# A Fine-Grained Analysis of Pure Semantic Preference Alignment in Large Language Models

This is the source code to reproduce the experiments of the paper "[A Fine-Grained Analysis of Pure Semantic Preference Alignment in Large Language Models]"

Large language models (LLMs) are typically aligned with human preferences through methods such as direct preference optimization (DPO). While empirically successful, these approaches face well-known limitations, including length bias, reward hacking, binary preference assumptions, and the aggregation of heterogeneous preferences into a single scalar signal.
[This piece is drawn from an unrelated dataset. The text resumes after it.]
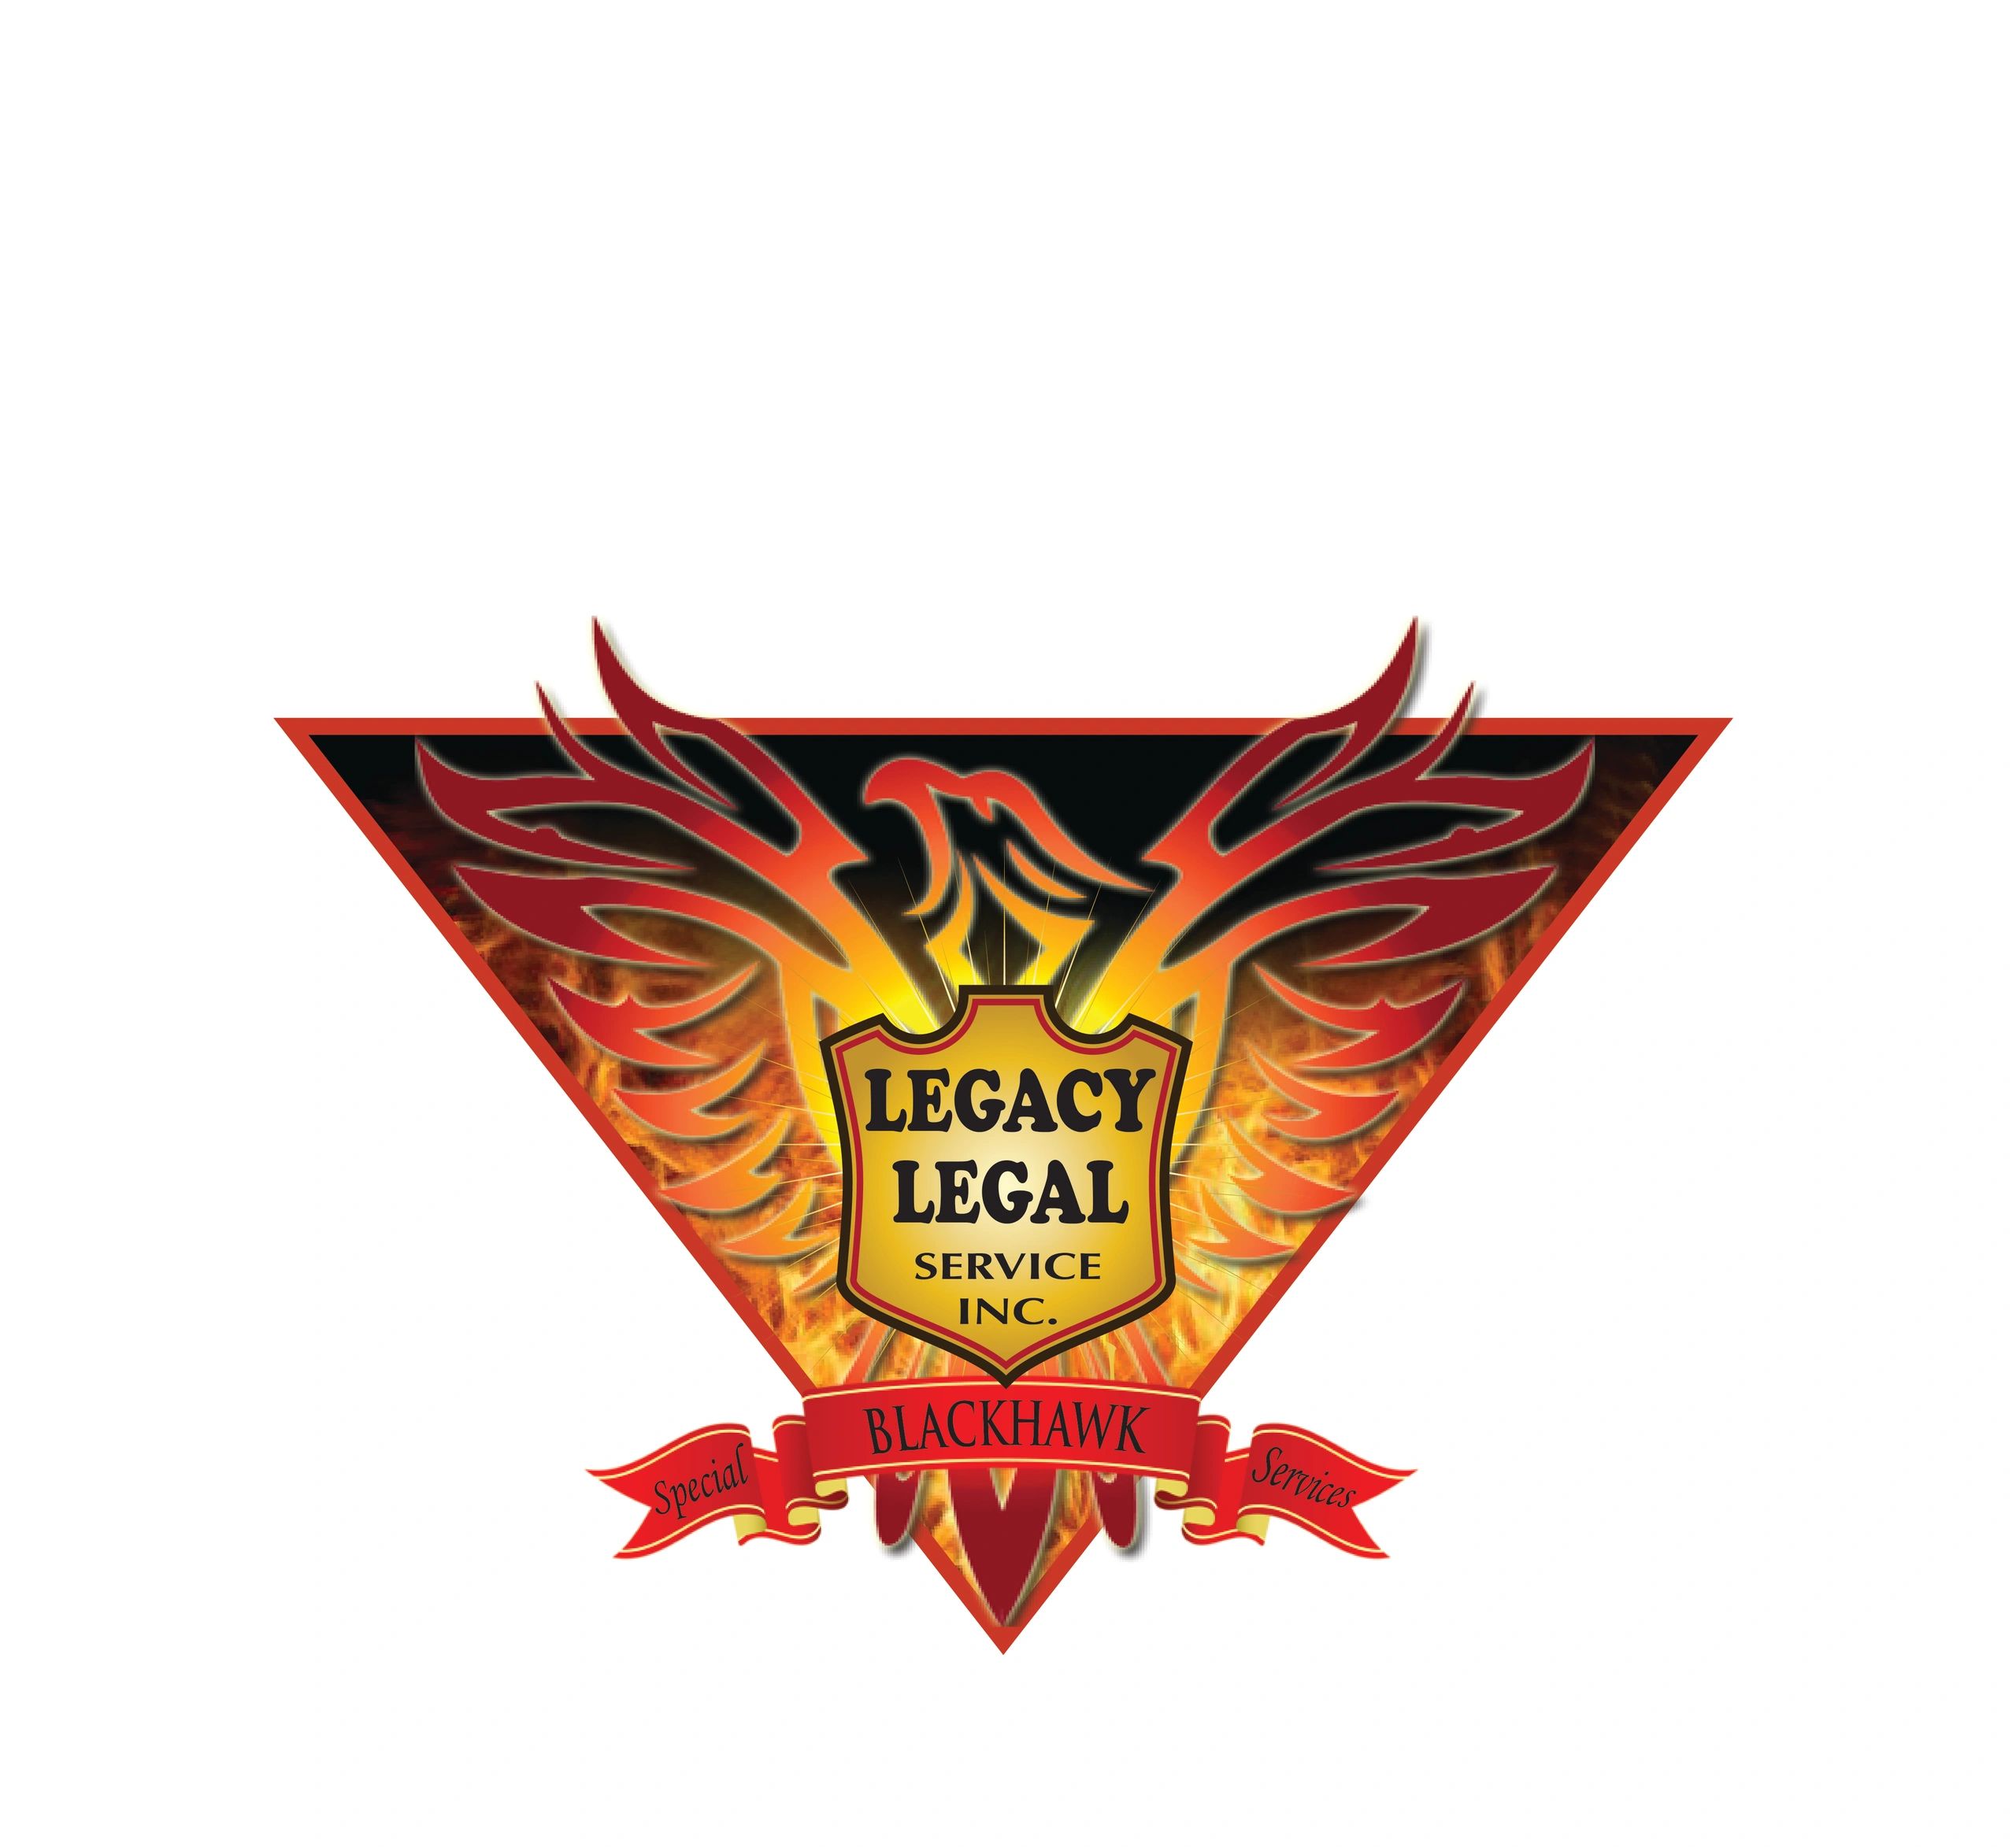 Blackhawk Legal Service

In this work, we take an inverse perspective: rather than attempting to resolve these issues, we investigate an idealized setting, which we call the *pure semantic preference scenario*, where such confounding factors are absent. We show that even in this idealized setting, existing alignment methods still do not fully capture the preference. Our analysis further reveals that (i) on-policy algorithms align more effectively, (ii) models trained without an explicit reference model perform better, and (iii) preference-model–based approaches consistently outperform reward-model–based approaches. Motivated by these observations, we introduce *preference matching optimization* (PMO), a DPO-type method that admits a closed-form solution and provably better approximates the true preference distribution. Experiments on both practical and idealized settings demonstrate that PMO achieves comparable performance with existing alignment methods in the practical setting, while offering stronger theoretical grounding and better performance in the pure semantic setting.

## Dependencies

To run the code, please install all its dependencies:
```sh
cd OpenRLHF
pip install -e .
```

## Repository content

This repository is heavily based on the code from OpenRLHF and follows the same structure.
@article{hu2024openrlhf,
  title={OpenRLHF: An Easy-to-use, Scalable and High-performance RLHF Framework},
  author={Jian Hu and Xibin Wu and Zilin Zhu and Xianyu and Weixun Wang and Dehao Zhang and Yu Cao},
  journal={arXiv preprint arXiv:2405.11143},
  year={2024}
}

### PMO
```sh
bash pmo.sh
```
We build our model on DPO code. 
Find our PMO trainer at DPOPMTrainer in trainer/dpo_trainer_pm.py
Prob dataset in datasets/prob_dataset.py


## Datasets
We introduce a preference dataset tailored to isolate semantic choices while removing confounds such as length, formatting, or discourse structure. Each instance is a minimal pair \citep{warstadt2020blimp} built from a single prompt and two completions that differ only by one lexical item in the same position (e.g., “cola” vs. “pepsi”, “tea” vs. “coffee”). Unlike conventional binary preference data used in RLHF \citep{rafailov2023direct,li2023reinforcement}, we attach a soft target—the probability that one completion is preferred over the other—explicitly provided in the dataset.

We upload our dataset in a separate folder.